At the nominal significance level of 0.05 (0.01), we found the size of the naïve (unstratified) analysis was 0.052 (0.011), which was as anticipated given the lack of confounding due to stratification in the sample. However, the size of the test that includes PCs as covariates in the logistic model was 0.093 (0.028); the size of the test using the analogous linear model was 0.12 (0.039).

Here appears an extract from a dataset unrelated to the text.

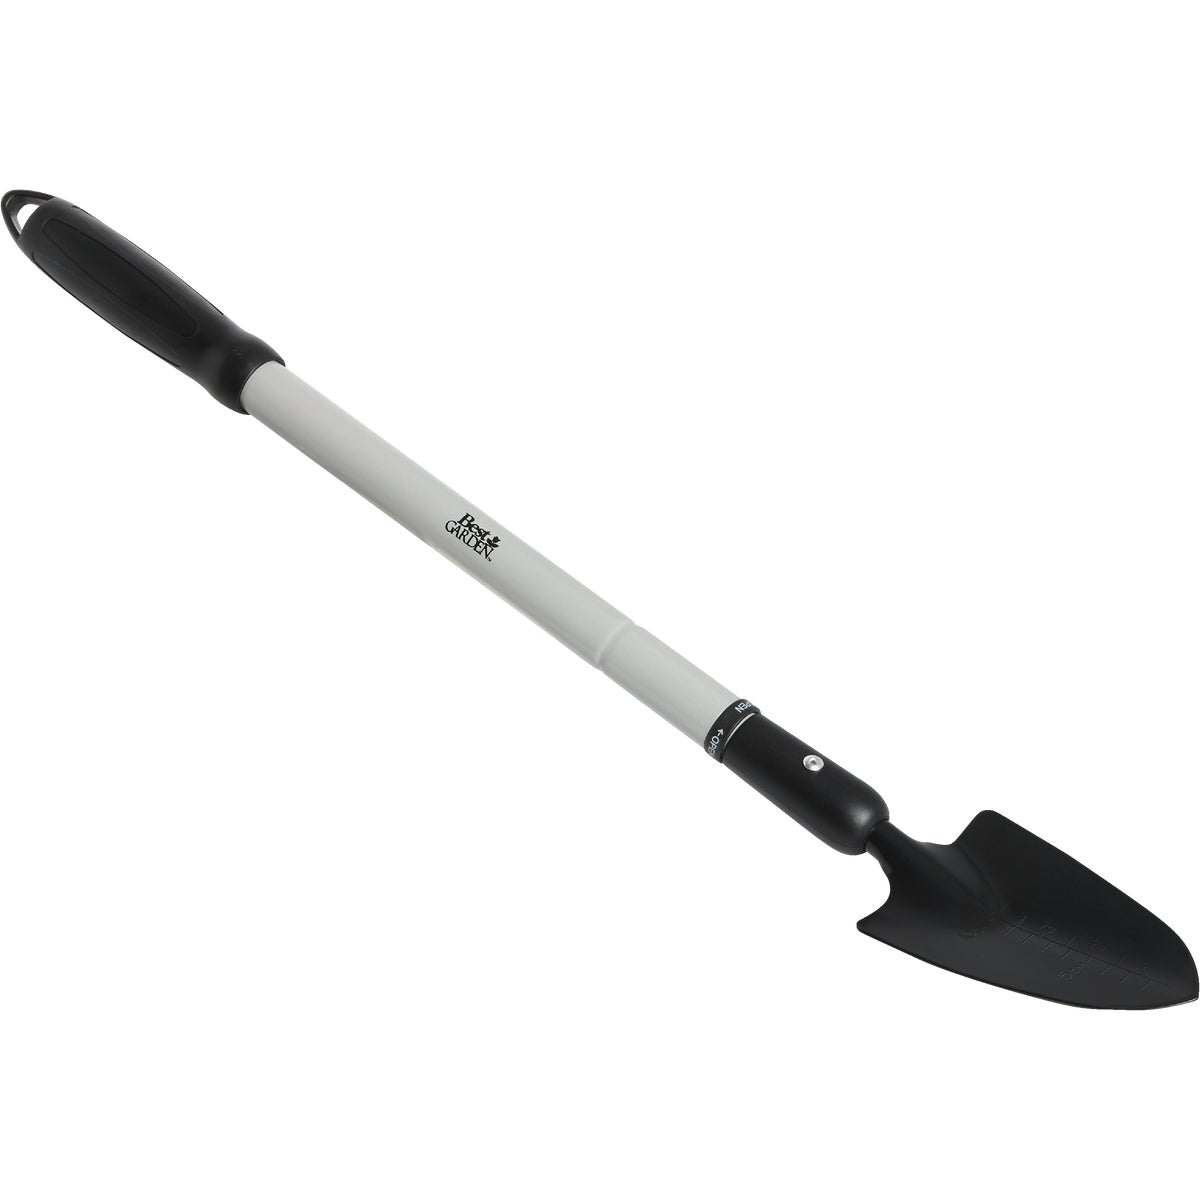 Item 703881, Extendable trowel has a lightweight steel handle that extends from 18" to

In contrast, testing after stratification using the EAS stratification score had a size of 0.056 (0.009). These results highlight the differences between stratification-based tests and direct adjustment, and also suggest that the stratification score approach to controlling confounding by population substructure deserves wider use when analyzing genetic association data.
In summary, post-stratification for control of confounding due to population stratification when testing for association is an attractive strategy. Two different scores have been proposed: the EAS stratification score and the GPS of ZRM. Both methods can easily make use of nongenetic covariates. Of the two scores, the EAS stratification score has several advantages over GPS when applied to case-control data: a natural binary outcome to model; the same stratification at each locus; easy permutation testing for multi-locus or genome-wide analyses. We are unaware of any advantages of the GPS when compared to the EAS stratification score. Finally, score-based methods may have advantages over direct adjustment for population stratification due to a more robust variance calculation.
This work was funded in part by NIH grant HG003618 (to M. P. E.) and R01 MH084680 (to A. S. A.). The findings and opinions expressed in this letter are those of the authors and do not necessarily reflect the official position of the CDC.